| name | seaborn |
| description | Statistical visualization with pandas integration. Use for quick exploration of distributions, relationships, and categorical comparisons with attractive defaults. Best for box plots, violin plots, pair plots, heatmaps. Built on matplotlib. For interactive plots use plotly; for publication styling use scientific-visualization. |
| license | BSD-3-Clause license |
| metadata | {"skill-author":"K-Dense Inc."} |
Seaborn Statistical Visualization
Overview
Seaborn is a Python visualization library for creating publication-quality statistical graphics. Use this skill for dataset-oriented plotting, multivariate analysis, automatic statistical estimation, and complex multi-panel figures with minimal code.
Design Philosophy
Seaborn follows these core principles:
- Dataset-oriented: Work directly with DataFrames and named variables rather than abstract coordinates
- Semantic mapping: Automatically translate data values into visual properties (colors, sizes, styles)
- Statistical awareness: Built-in aggregation, error estimation, and confidence intervals
- Aesthetic defaults: Publication-ready themes and color palettes out of the box
- Matplotlib integration: Full compatibility with matplotlib customization when needed
Quick Start
import seaborn as sns
import matplotlib.pyplot as plt
import pandas as pd
df = sns.load_dataset('tips')
sns.scatterplot(data=df, x='total_bill', y='tip', hue='day')
plt.show()
Core Plotting Interfaces
Function Interface (Traditional)
The function interface provides specialized plotting functions organized by visualization type. Each category has axes-level functions (plot to single axes) and figure-level functions (manage entire figure with faceting).
When to use:
- Quick exploratory analysis
- Single-purpose visualizations
- When you need a specific plot type
Objects Interface (Modern)
The seaborn.objects interface provides a declarative, composable API similar to ggplot2. Build visualizations by chaining methods to specify data mappings, marks, transformations, and scales.
When to use:
- Complex layered visualizations
- When you need fine-grained control over transformations
- Building custom plot types
- Programmatic plot generation
from seaborn import objects as so
(
so.Plot(data=df, x='total_bill', y='tip')

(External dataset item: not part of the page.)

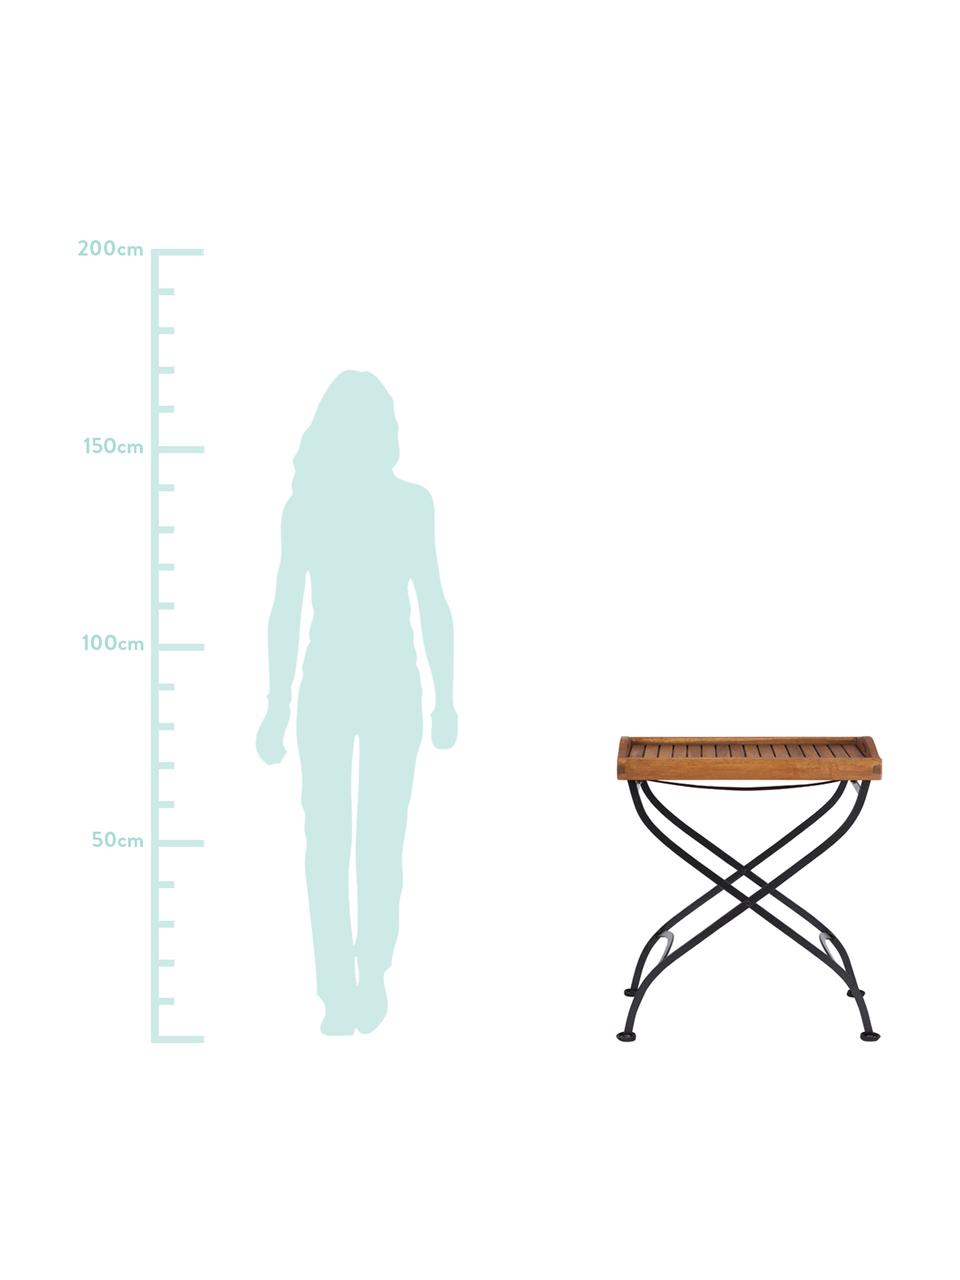 Zahradní stolek - tác s dřevěnou deskouParklife, Černá, akátové dřevo

.add(so.Dot(), color='day')
.add(so.Line(), so.PolyFit())
)
Plotting Functions by Category
Relational Plots (Relationships Between Variables)
Use for: Exploring how two or more variables relate to each other
scatterplot() - Display individual observations as points
lineplot() - Show trends and changes (automatically aggregates and computes CI)
relplot() - Figure-level interface with automatic faceting
Key parameters:
x, y - Primary variables
hue - Color encoding for additional categorical/continuous variable
size - Point/line size encoding
style - Marker/line style encoding
col, row - Facet into multiple subplots (figure-level only)
sns.scatterplot(data=df, x='total_bill', y='tip',
hue='time', size='size', style='sex')
sns.lineplot(data=timeseries, x='date', y='value', hue='category')
sns.relplot(data=df, x='total_bill', y='tip',
col='time', row='sex', hue='smoker', kind='scatter')
Distribution Plots (Single and Bivariate Distributions)
Use for: Understanding data spread, shape, and probability density
histplot() - Bar-based frequency distributions with flexible binning
kdeplot() - Smooth density estimates using Gaussian kernels
ecdfplot() - Empirical cumulative distribution (no parameters to tune)
rugplot() - Individual observation tick marks
displot() - Figure-level interface for univariate and bivariate distributions
jointplot() - Bivariate plot with marginal distributions
pairplot() - Matrix of pairwise relationships across dataset
Key parameters:
x, y - Variables (y optional for univariate)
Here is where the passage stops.